Version: 0.3-0ubuntu1 (using KDE 4.2.3) OS: Linux Installed from: Ubuntu Packages Make Ocropus and tesseract part of a KDE for use in a "paperless office". KDE is a wellknown and widespread operation enviroment. What Linux/KDE missed so far was a good OCR machine. With Ocropus this seems to come to a better state. Wish: Make Ocropus with the use of tesseract be part of KDE. Integrate it into skanlite - or build another application that uses its power. http://code.google.com/p/ocropus/ OCRopus(tm) is a state-of-the-art document analysis and Optical Character Recognition (OCR) system, featuring pluggable layout analysis, pluggable character recognition, statistical natural language modeling, and multi-lingual capabilities. ( License: Apache License 2.0 ) Ocropus is now in Debian - and will be in Ubuntu, too starting with karmic. Ocropus makes use of tesseract: http://code.google.com/p/tesseract-ocr/ The Tesseract OCR engine was originally developed at HP between 1985 and 1995. It was open-sourced by HP and UNLV in 2005 and Google has lead further development. ( License: Apache License 2.0 ) Personal statement: Ocropus produces by far the best OCR result that I have ever seen on Linux! - This is really worth to be used for a KDE office! The next step would be a GUI that uses spellchecking and correction by the user. - But the first thing will be just to make use of the commandline power in KDE.

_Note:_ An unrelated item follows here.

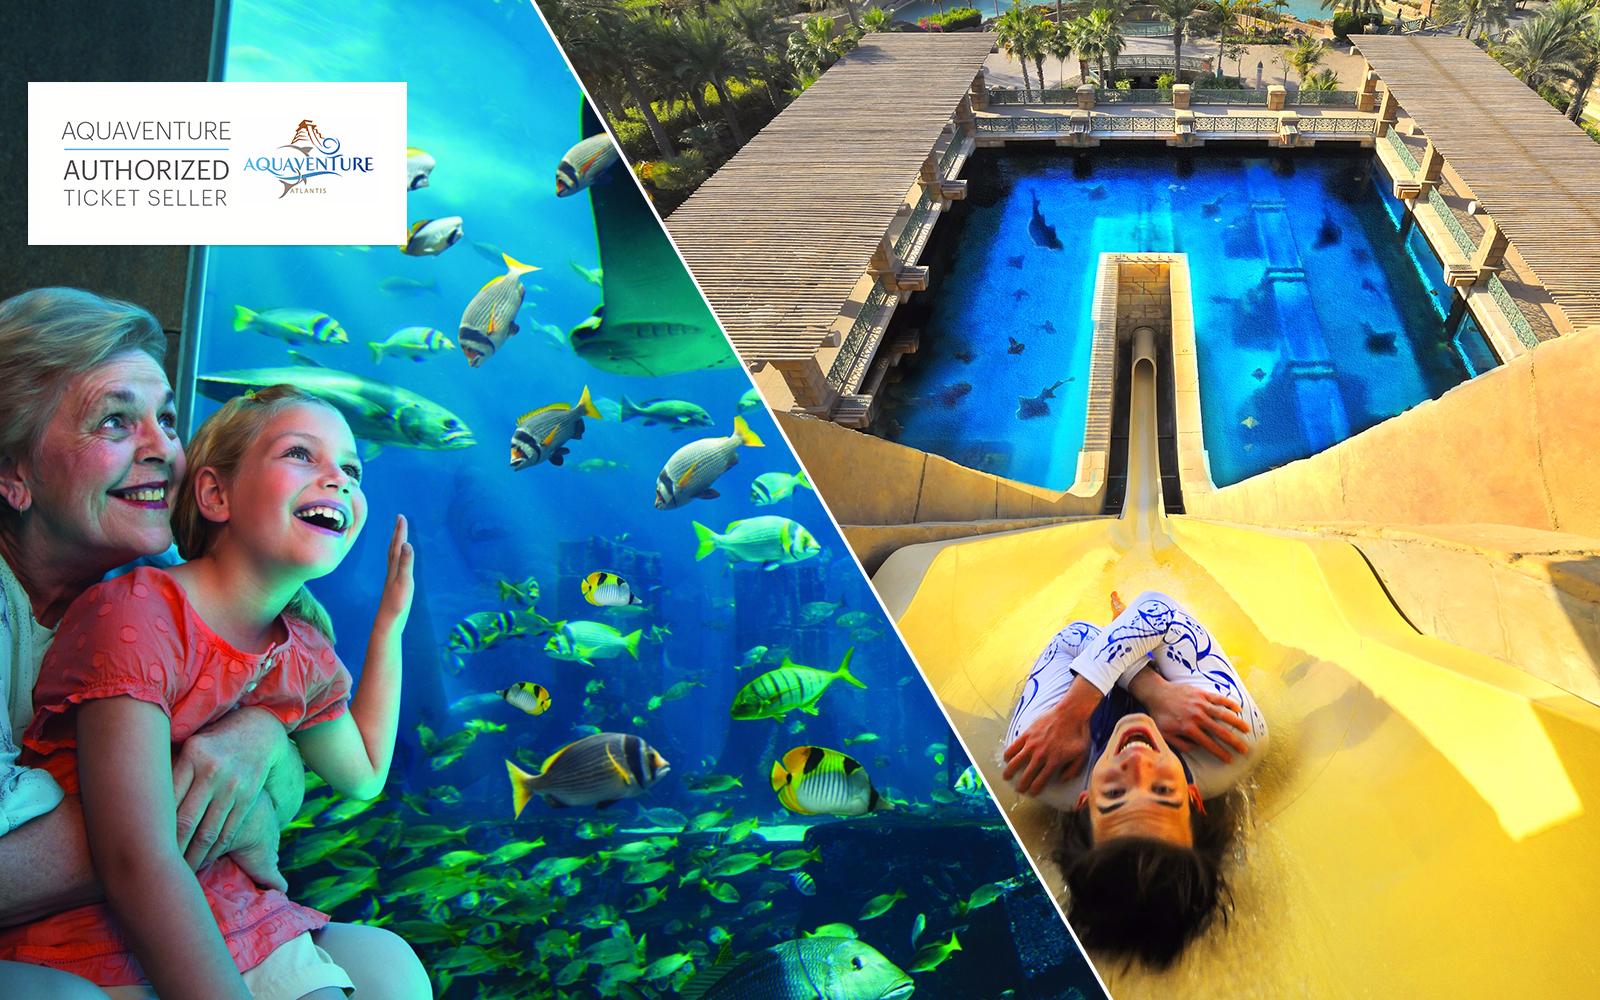 Aquaventure Waterpark Tickets Best Prices Online On Headout

I totally agree that KDE needs the OCR, but skanlite is not the right application for that. I would be more that happy to help somebody that wants to do an OCR application that uses libksane. There was somebody (don't remember now who it was) doing some OCR app, but would use Akonadi to save the documents. There was a short discussion on kde-imaging or kde-devel...
*** Bug 426829 has been marked as a duplicate of this bug. ***
Too bad to see that nothing has changed since 2009 :( I guess I'll have to keep using my crappy self-made script that combines scanimage + imagemagick's img2pdf + ocrmypdf
You could always try https://invent.kde.org/utilities/skanpage There has been quite some development there the last half year. And why not scratch your itch and help with the OCR part ;)
(In reply to Kåre Särs from comment #4) > You could always try https://invent.kde.org/utilities/skanpage > > There has been quite some development there the last half year. > > And why not scratch your itch and help with the OCR part ;) Thanks, that's excellent news, I'm definitely gonna keep an eye on it :)
Now that Skanpage features OCR capabilities, is this (~15 years old!) bug report still relevant?
Yep, I think we can point to Skanpage for the OCR parts